Yankees vs. Red Sox (Sept. 22-25)

At some point Judge has to cool down, right? If all goes according to this prediction, Judge will have hit 11 home runs in his previous 20 games.

Judge will hit one home run in this four-game series. I just don't think Boston will pitch to him as much and that torrid pace Judge was on is going to be extremely difficult to sustain.

Still, Judge ties Maris' record at home, hitting his 61st over the short porch in right—just like Maris did 61 years ago. Let's say that home run comes on Saturday afternoon against one of Boston's relievers. 

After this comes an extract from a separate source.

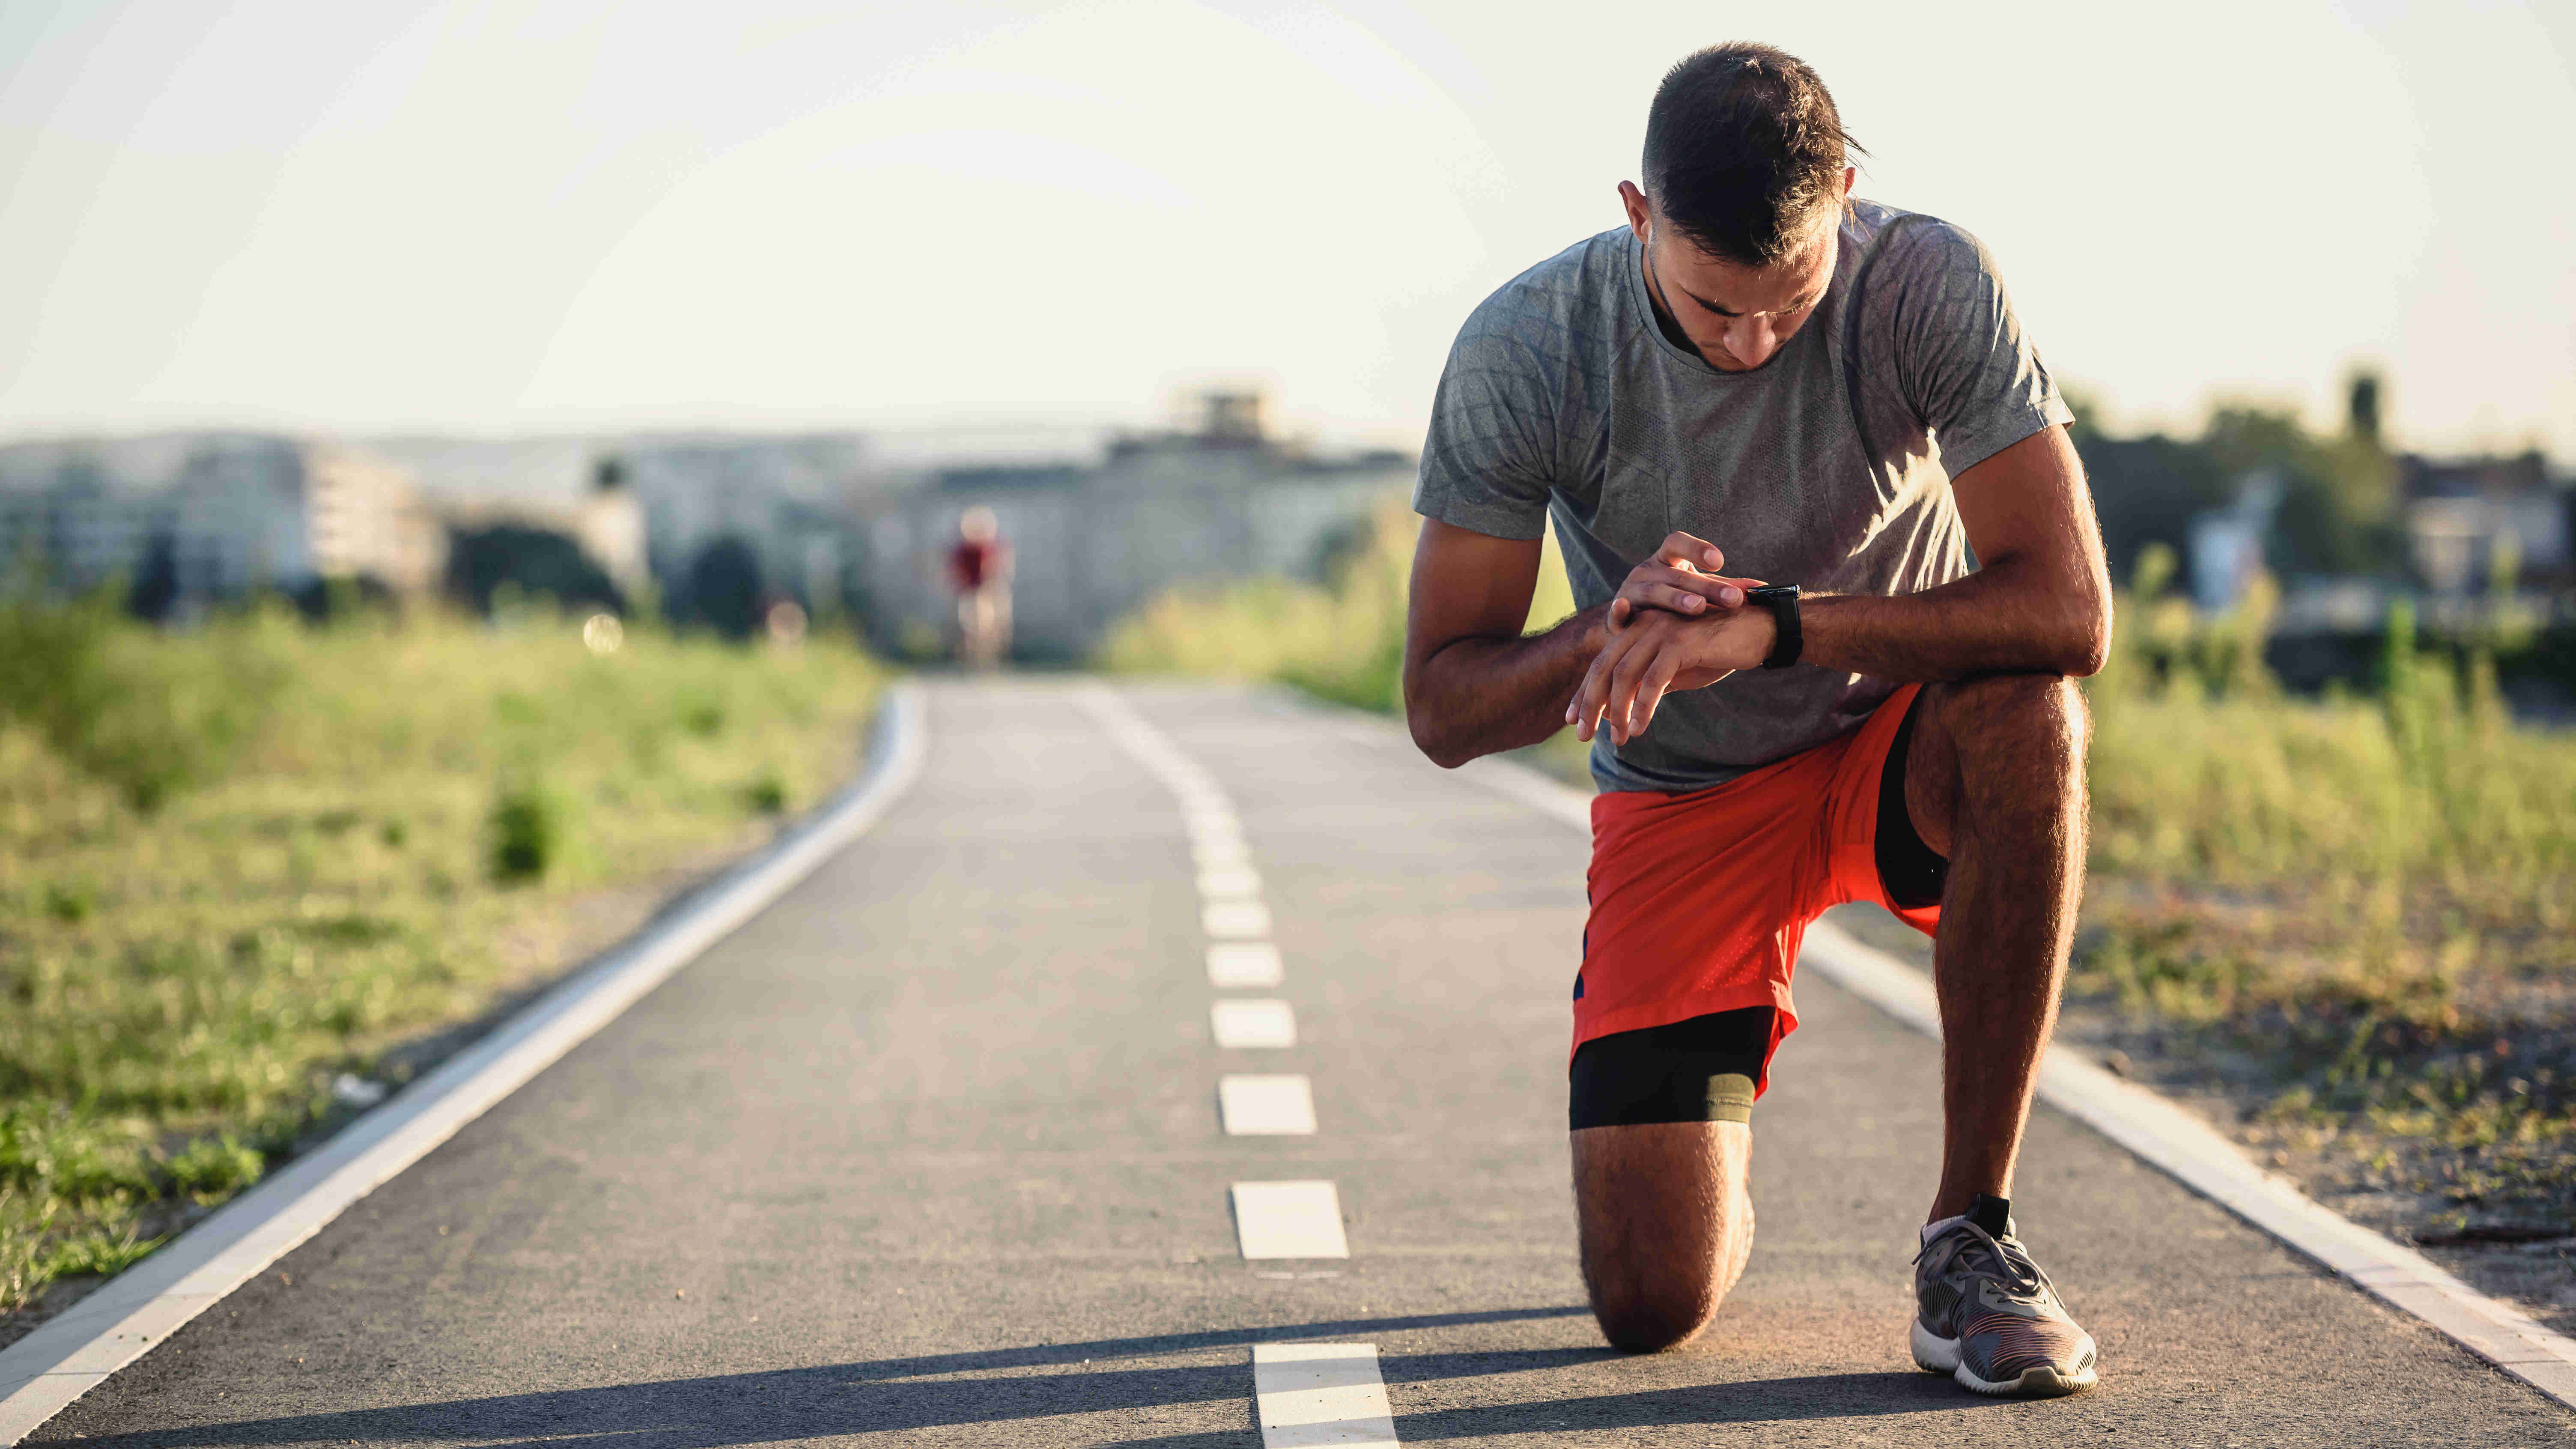 Fitness, Gesundheit, Apple Watch, Sport Urheberrechte: Adobe Stock / Lordn

Even with one more game at home, his historic chase will travel north of the border, placing even more emphasis on a huge series against Toronto with postseason implications. 

Yankees @ Blue Jays (Sept. 26-28)

Ben Clemens of FanGraphs recently crunched some numbers, calculating when Judge is most likely to his historic home runs (60, 61 and 62). According to his data, there's a good chance Judge makes some history at the Rogers Centre. 

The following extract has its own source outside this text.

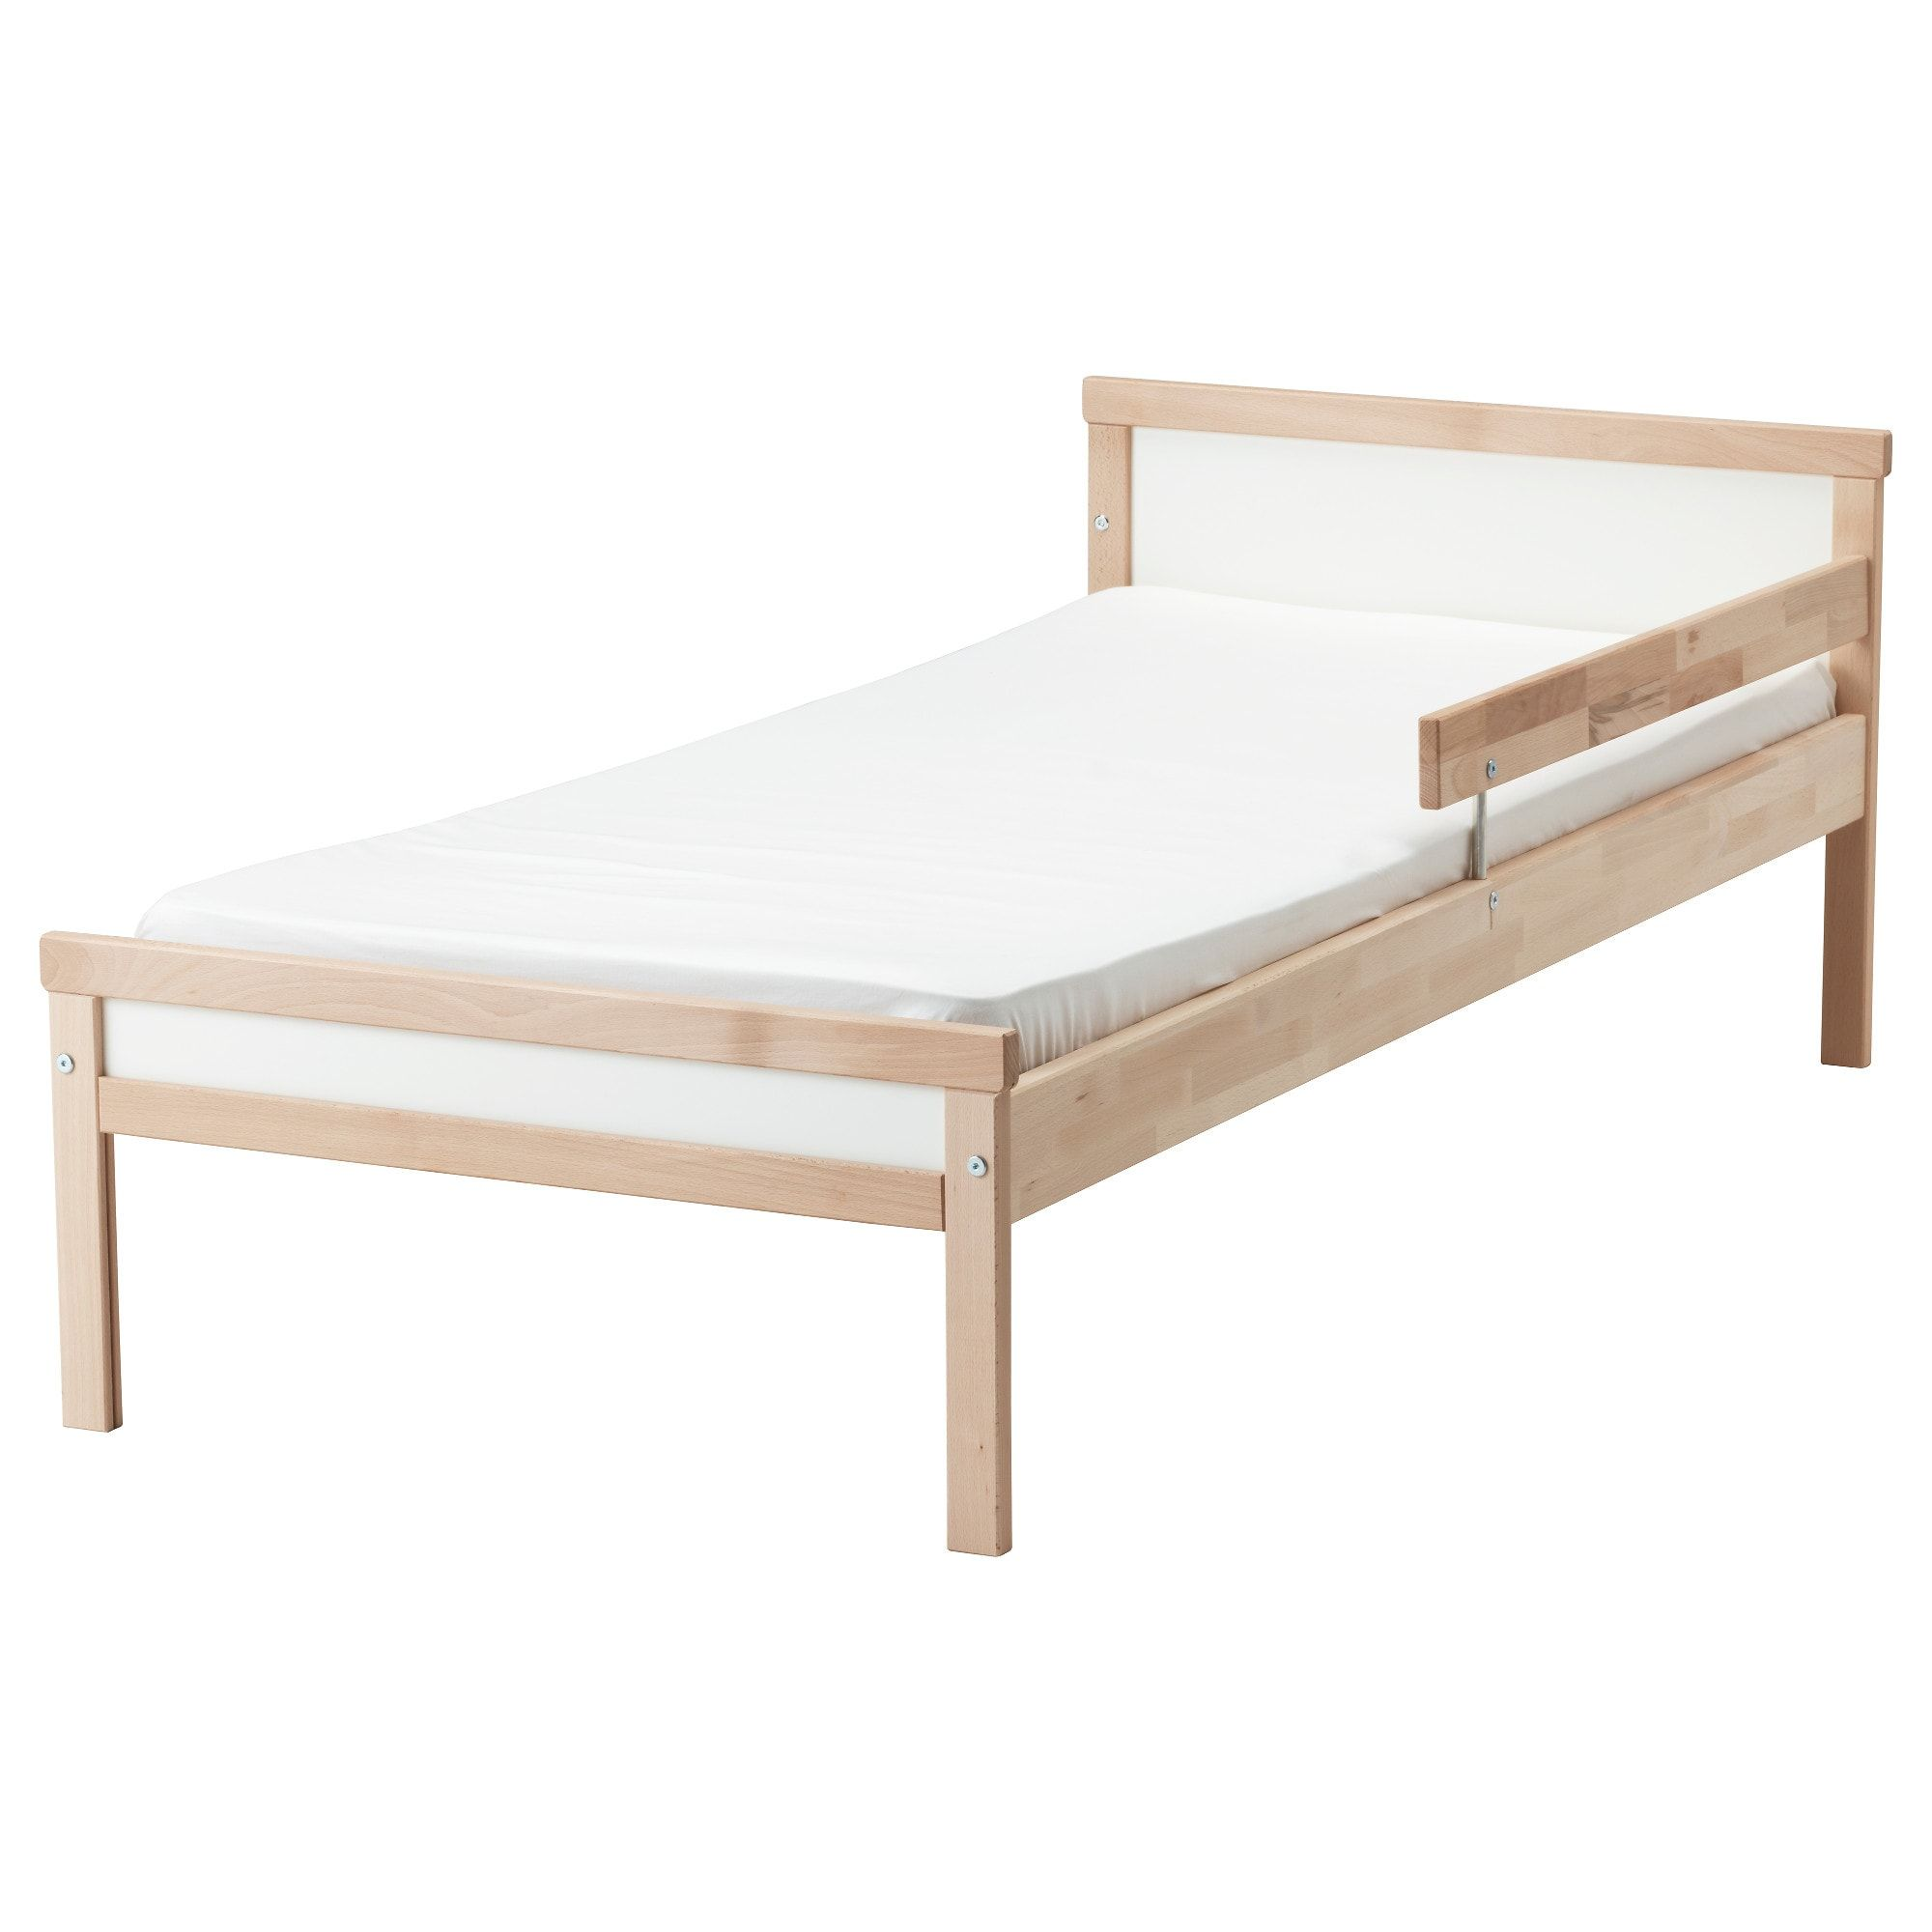 Sniglar Bed Frame With Slatted Bed Base Beech Ikea Ikea Kids

My gut tells me Judge won't hit a home run in that series. With Toronto needing to win each of those games to keep their postseason hopes alive, jockeying for position in the division and the wild card race, the Blue Jays will be very careful with Judge.

Plus, depending on how Toronto's rotation lines up, the Blue Jays have multiple dominant starters. Alek Manoah and Kevin Gausman are having tremendous seasons.

Judge is hitting just .231 over six games in Toronto this season. Even with the anticipation and national attention, the Jays will keep Judge in the yard. That doesn't mean he won't have a quality series, he'll just return to Yankee Stadium that weekend still tied with Maris. 

Yankees vs. Orioles (Sept. 30-Oct. 2)

Judge will hit his 62nd home run of the season in his first at-bat on Friday, September 30. 

In this projected scenario, that snaps a drought of four games where Judge had been sitting on 61. The slugger wastes no time against the Orioles, starting the final home series of the season with a historic bang.

Part of me thinks that Judge gets this done in Toronto, but tying and breaking the record in the Bronx would be pretty special. Reminds me of when Derek Jeter broke the franchise record for hits with the 2,722nd knock of his career, passing Lou Gehrig with an opposite-field single against Baltimore at Yankee Stadium in 2009.

Similar to how Jeter made history by doing what he does best, going the other way, Judge will hit his 62nd home run to right-center field, far beyond the short porch and to the right of the Yankees' bullpen.